Iteration Order in Tests

# Bad — fragile assertion:
assert list(my_set) == [1, 2, 3]

Use assert sorted(my_set) == [1, 2, 3] or assert my_set == {1, 2, 3}. Set equality is content-based; list equality is positional.

Set of Floats with Rounding

{0.1 + 0.2, 0.3} has size 2, not 1, because 0.1 + 0.2 != 0.3 in IEEE-754. Round to a fixed scale before insertion if numerical tolerance matters, or use decimal / BigDecimal for exact arithmetic.

Forgetting __hash__ After __eq__ in Python

class Point:
    def __init__(self, x, y): self.x, self.y = x, y
    def __eq__(self, other): return (self.x, self.y) == (other.x, other.y)

s = set()
s.add(Point(1, 2))   # TypeError: unhashable type: 'Point'

Python forbids putting un-hashable objects in a set. Fix: implement __hash__ consistently with __eq__, or use a @dataclass(frozen=True) to get both for free.

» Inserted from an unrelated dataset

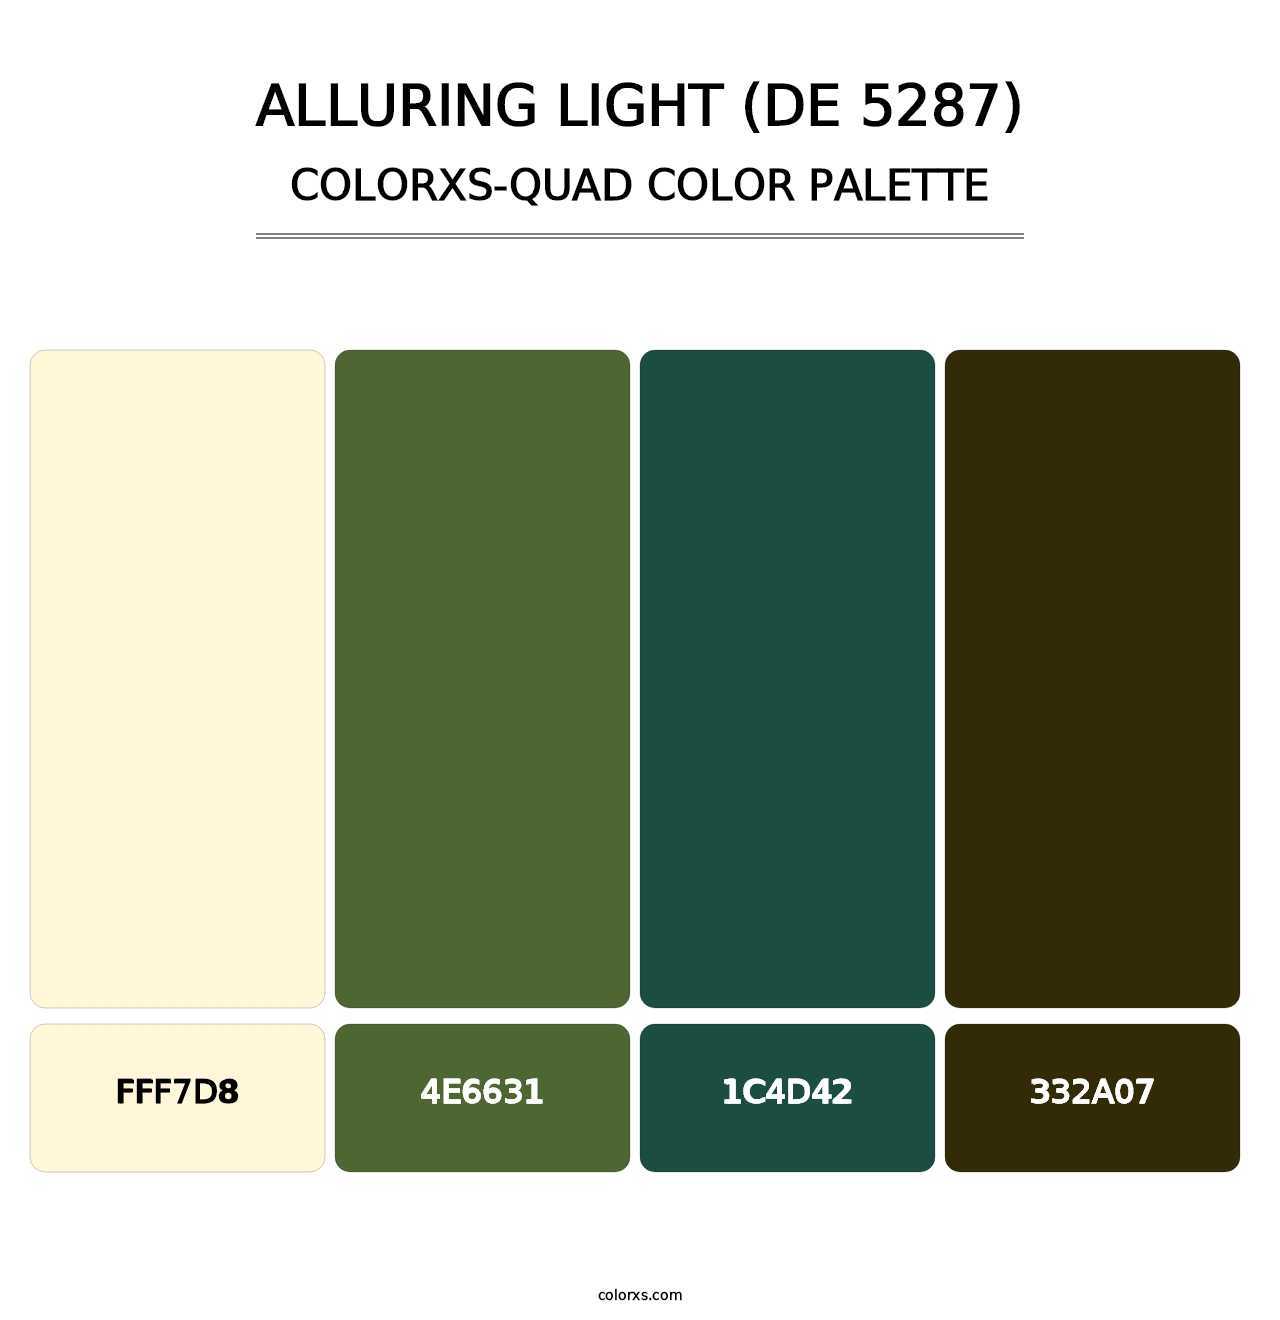 Alluring Light (DE 5287) - Colorxs Quad Palette

Concurrency Cheat Sheet (Middle Level)

Language Single-thread set Concurrent set Notes
Go map[T]struct{} sync.Map or RWMutex-wrapped map sync.Map shines for stable keys + lots of reads
Java HashSet<T> ConcurrentHashMap.newKeySet() uses fine-grained locking + CAS
Python set None built-in; use threading.Lock GIL makes individual ops atomic; compound ops are not

A common mistake is assuming Collections.synchronizedSet(new HashSet<>()) is enough for concurrent traffic. It is not — it serializes every operation through a single monitor, which kills throughput. Use ConcurrentHashMap.newKeySet() in Java for any production workload above trivial thread counts.


Summary

At middle level, the question is no longer "what is a set?" but "which set, and why?". The decision tree is short: HashSet by default, TreeSet when you need order or ranges, BitSet when the universe is dense and small, LinkedHashSet when you need deterministic iteration. Master the equals/hashCode contract, beware iteration-order dependence, and learn the iterate-smaller-probe-larger pattern. The rest is library knowledge.